WASHINGTON — President Donald Trump on Tuesday warned House Republicans they would lose their seats in next year’s midterm elections if they failed to back the GOP health care overhaul and fulfill a long-promised goal to undo Barack Obama’s Affordable Care Act.
In a rare trip to the Capitol, the president met behind closed doors with rank-and-file Republicans, some wavering on the legislation two days before a climactic vote. Top House Republicans unveiled revisions to their bill Monday night in hopes of nailing down support.
Trump’s message to Republicans: “If you don’t pass the bill there could be political costs,” said Rep. Walter Jones, R-N.C.
According to a person in the room who described the closed-door meeting on condition of anonymity, the president explicitly predicted that many House Republicans would lose seats and the party would lose control of the chamber in next year’s election if the bill fails.
In an Associated Press interview, Senate Majority Leader Mitch McConnell, R-Ky., signaled he’d use Trump’s clout to pressure unhappy Republicans in his chamber, where the legislation’s fate remains foggy.
“I’m optimistic that none of my members, in the end, want to be responsible for the status quo on Obamacare,” said McConnell, referring to the law Republicans have set out to dismantle this year. He said when the Senate debates the GOP measure, he would “have the president weigh in with our folks as well.”
The GOP bill would dismantle Obama’s requirements that most people buy policies and that larger companies cover workers. Federal subsidies based largely on peoples’ incomes and insurance premiums would end, and a Medicaid expansion to 11 million more low-income people would disappear.
The Republican legislation would provide tax credits to help people pay medical bills based chiefly on age, and open-ended federal payments to help states cover Medicaid costs would be cut. Insurers could charge older consumers five times the premiums they charge younger people instead of Obama’s 3-1 limit, and would boost premiums 30 percent for those who let coverage lapse.
Democrats have opposed the GOP repeal effort. They tout Obama’s expansion of coverage to 20 million additional people and consumer-friendly coverage requirements it imposed on insurers, including abolishing annual and lifetime coverage limits and forcing them to insure seriously ill people.

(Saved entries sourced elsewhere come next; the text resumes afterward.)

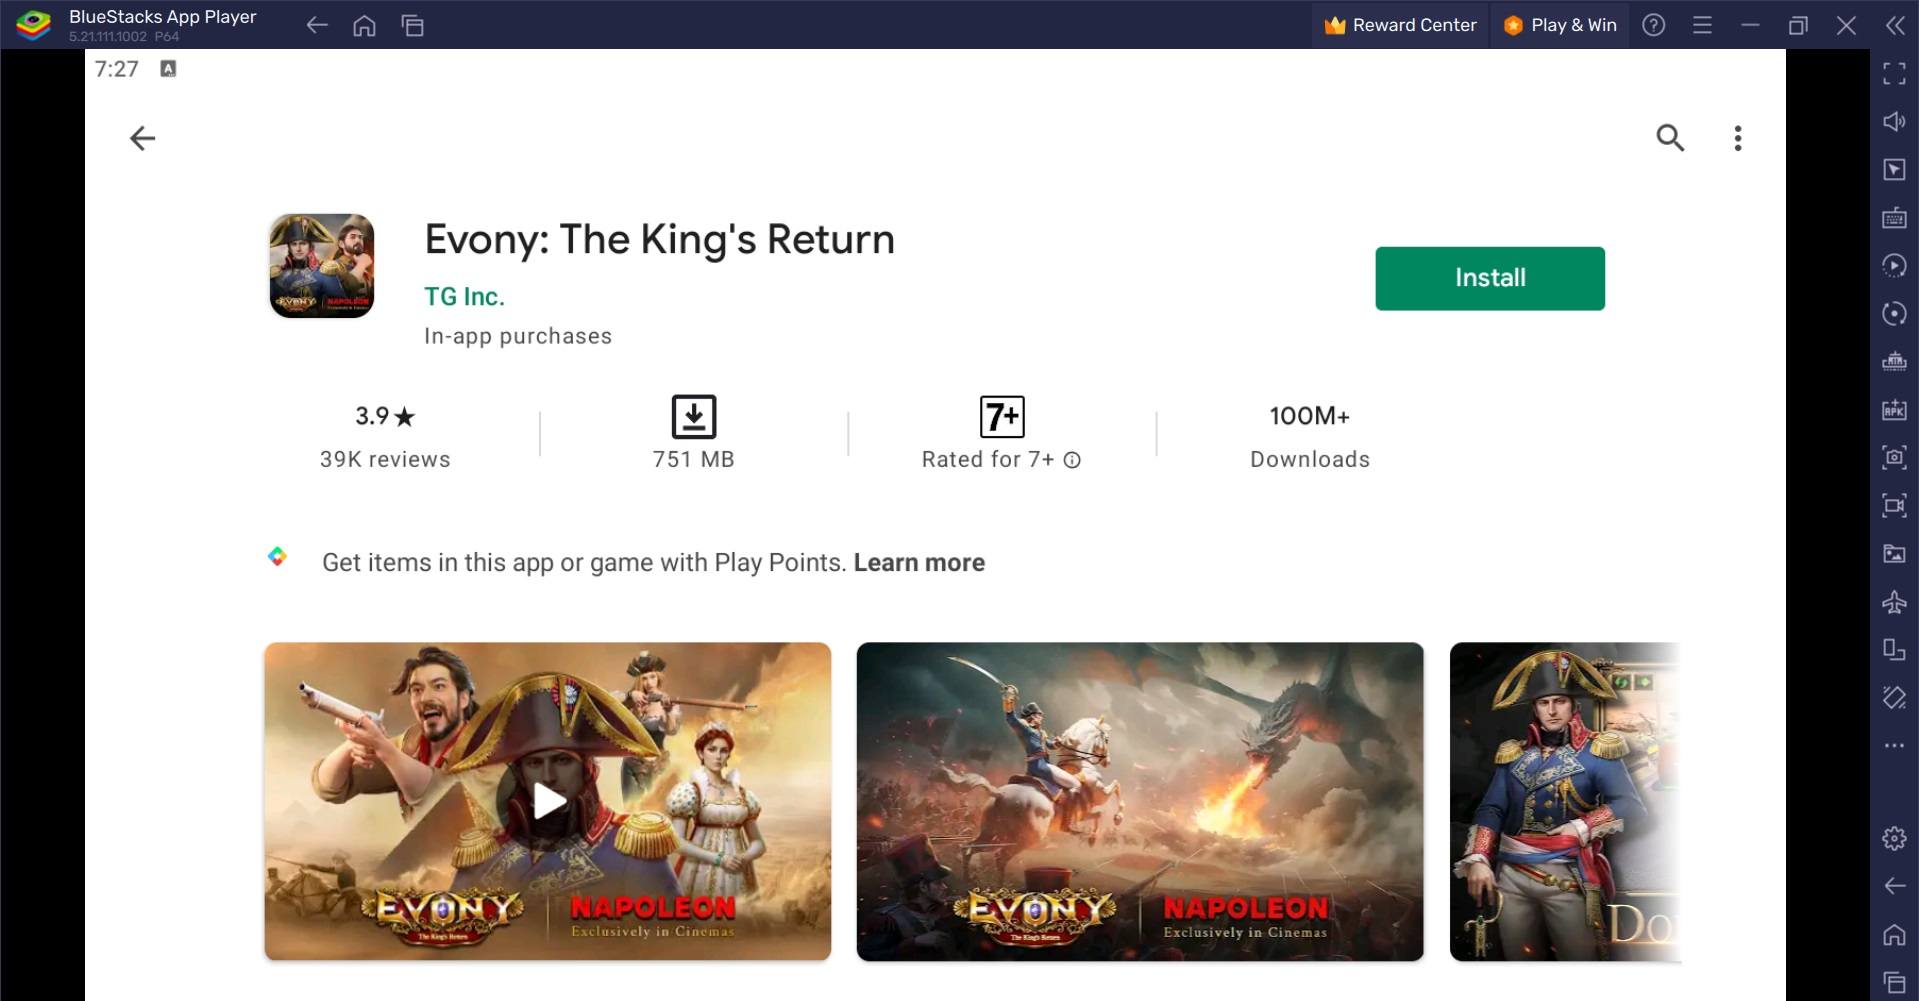 How to Play Evony: The King's Return on PC with BlueStacks
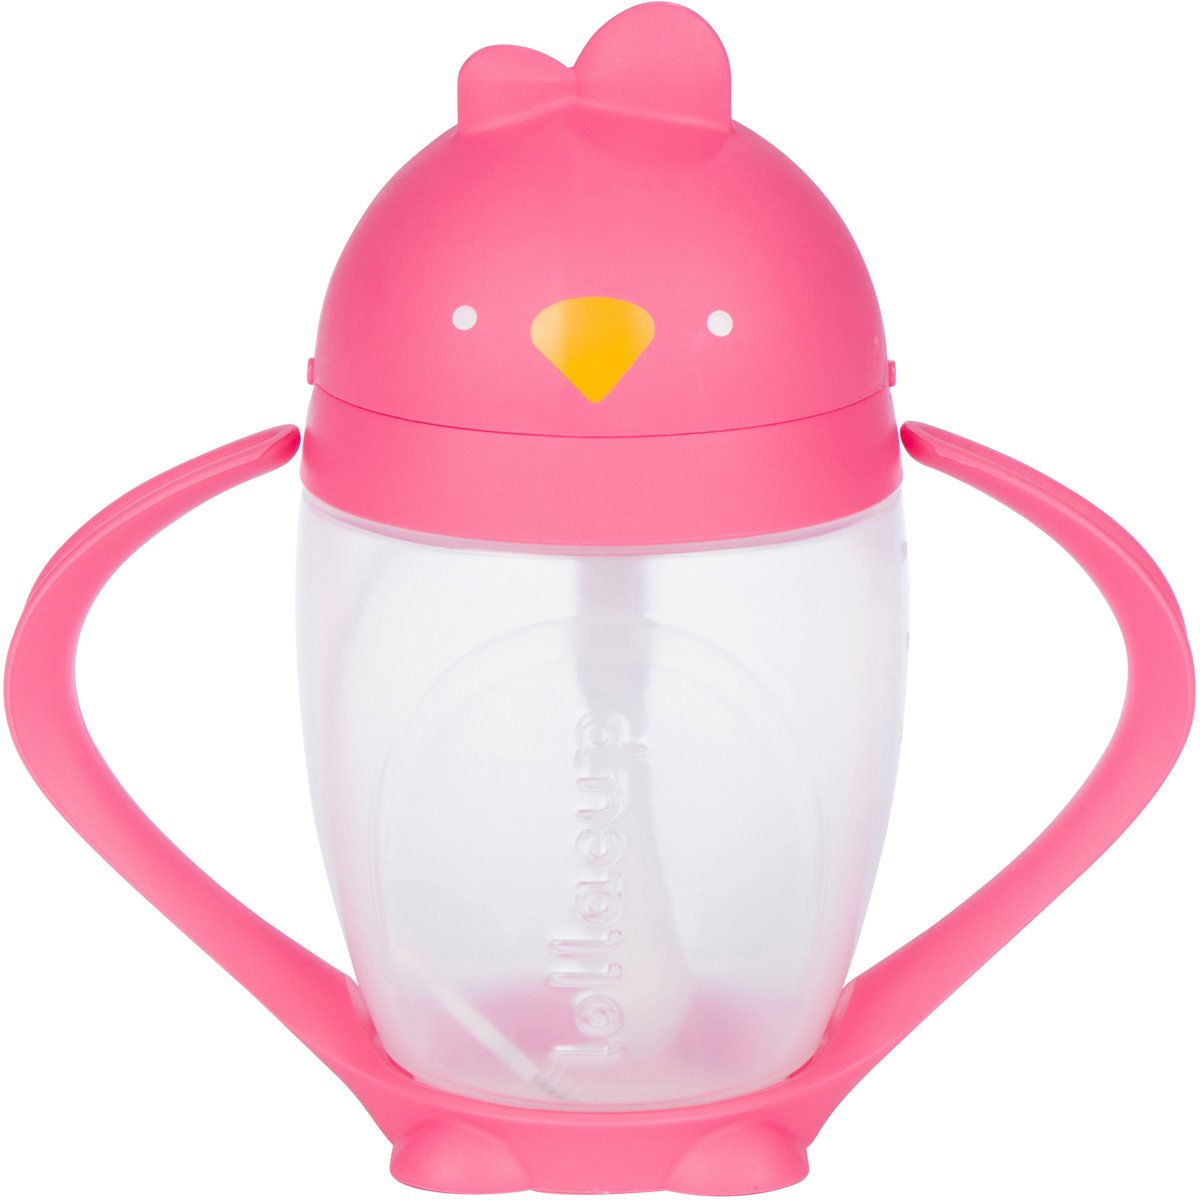 Lollaland Weighted Straw Sippy Cup for Baby: Lollacup - Transition Kids, Infant & Toddler Sippy Cup (6 months - 9 months) | Shark Tank Products | Lollacup (Posh Pink) - 100037
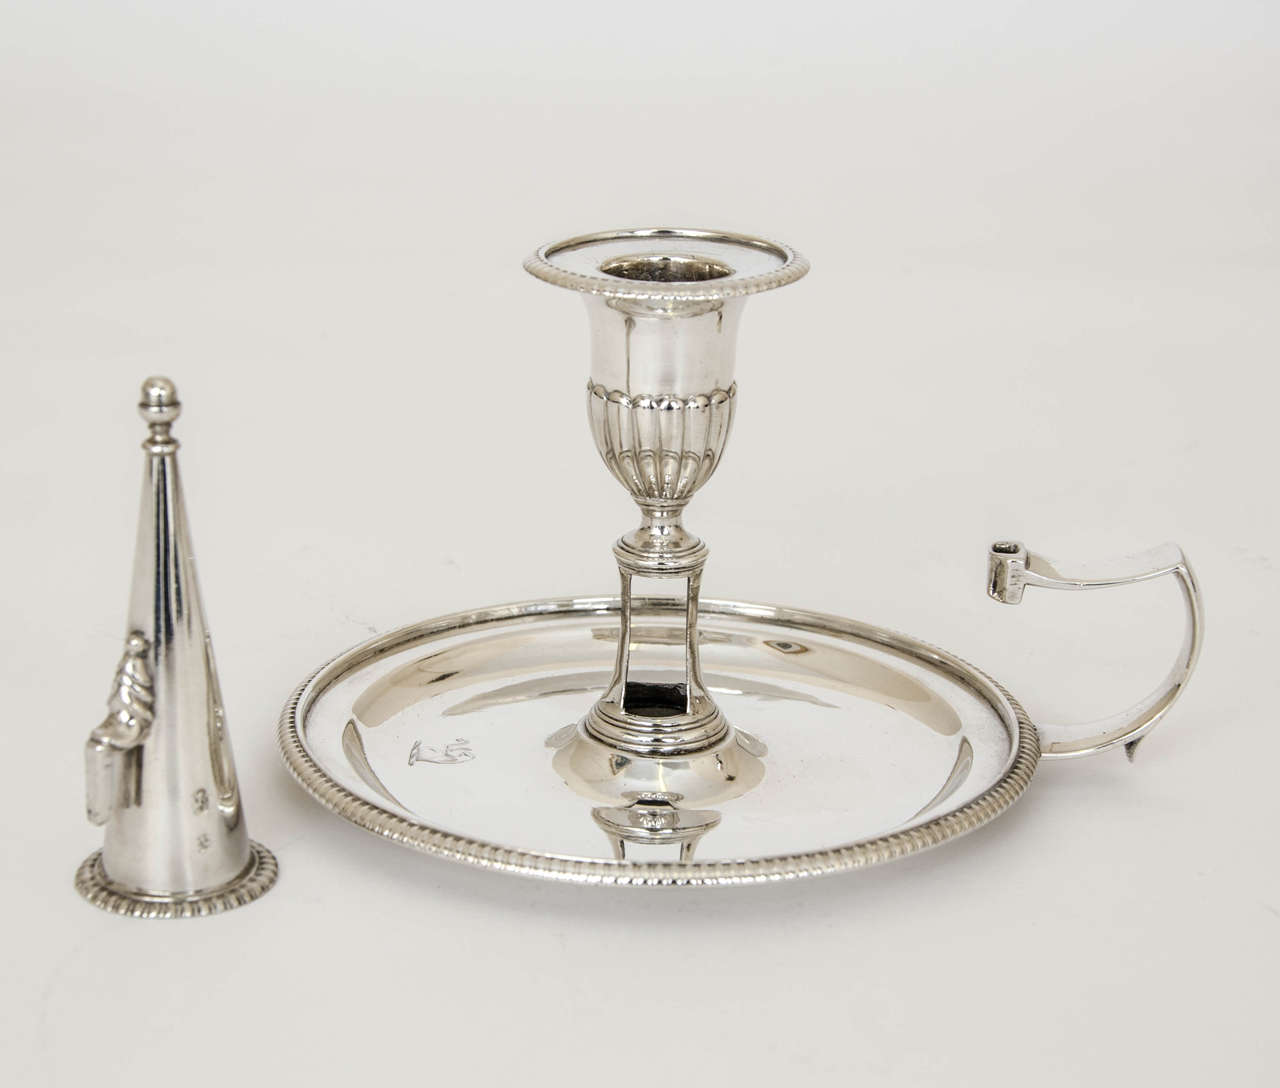 Late 18th Century Pair of George III Antique Sterling Silver by Paul Storr in 1799 For Sale

Rep. Chris Collins, R-N.Y., said Trump told Republicans he would campaign for them if they backed the bill. Trump didn’t indicate what he would do to those who vote against the bill, but during the caucus, he singled out Rep. Mark Meadows, R-N.C., one of the outspoken critics of the bill.

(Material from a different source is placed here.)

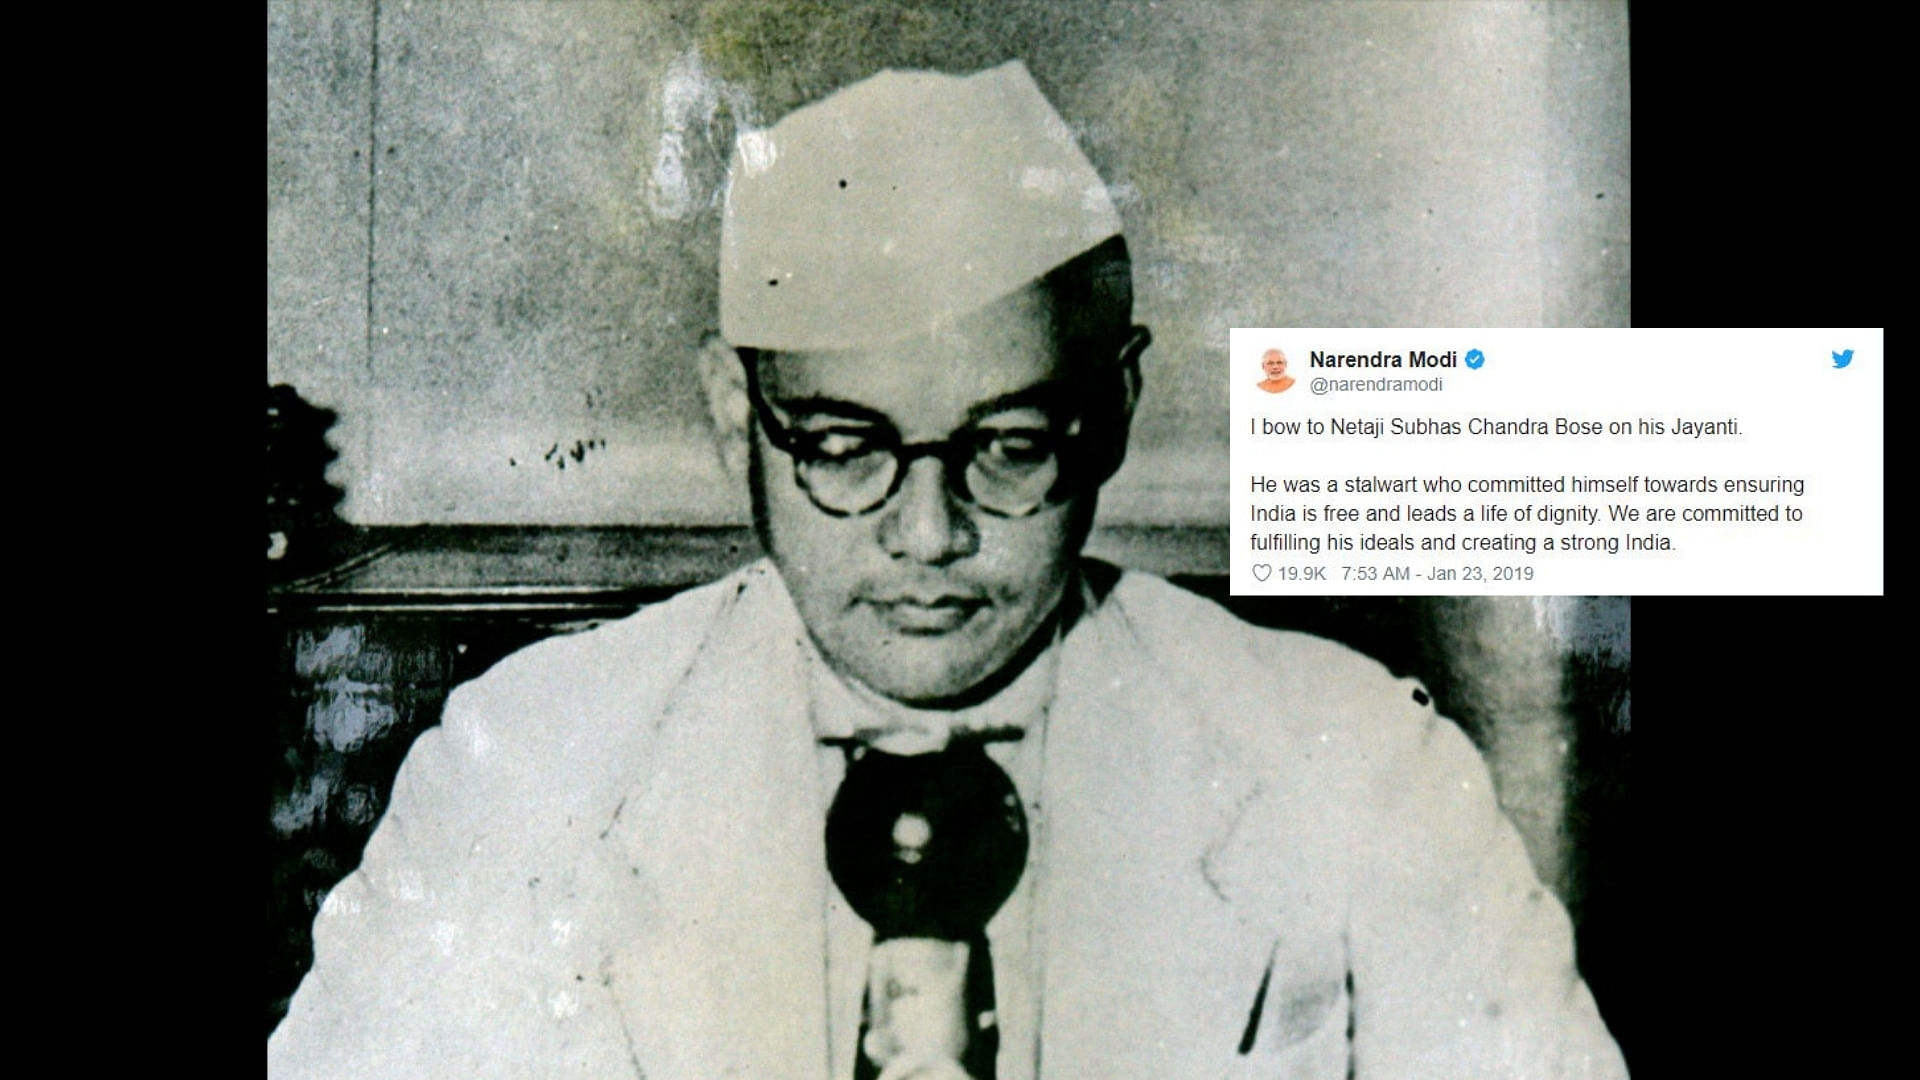 Subhas Chandra Bose was made the president of the Congress in 1938.

Collins said Trump asked Meadows to stand up, called him a great guy and said he is counting on Meadows to get this over the line.
“The president is very adroit at putting somebody on the spot and he did that today with Mark Meadows,” Collins said. Asked if there was a threat to Meadows in that, Collins responded: “There was no threat whatsoever.”
At the White House briefing Tuesday afternoon, spokesman Sean Spicer said that he preferred not to spell out what the president might do to punish GOP members who vote against the bill.
“I think there’s going to be a price to be paid,” Spicer said, “but it’s going to be with their own voters. They’re going to have to go back and explain to them why they made a commitment to them and didn’t follow through.”
Spicer added that Trump made it clear that he would stand by Republican members who stood with the GOP plan.
Speaker Paul Ryan, R-Wis., told reporters that if Republicans pass the legislation, “People will reward us. If we don’t keep our promise, it will be very hard to manage this.”
Trump was “very folksy, very entertaining,” Rep. Mark Amodei, Nevada’s only GOP House member, said after the meeting. Amodei described the content of Trump’s remarks as “blah blah blah” and “not a lot.” The Nevada Republican also said he remains undecided on the measure.
Trump’s closed-door meeting with House Republicans came as party leaders released 43 pages worth of changes to a bill whose prospects remain dicey. Their proposals were largely aimed at addressing dissent that their measure would leave many older people with higher costs.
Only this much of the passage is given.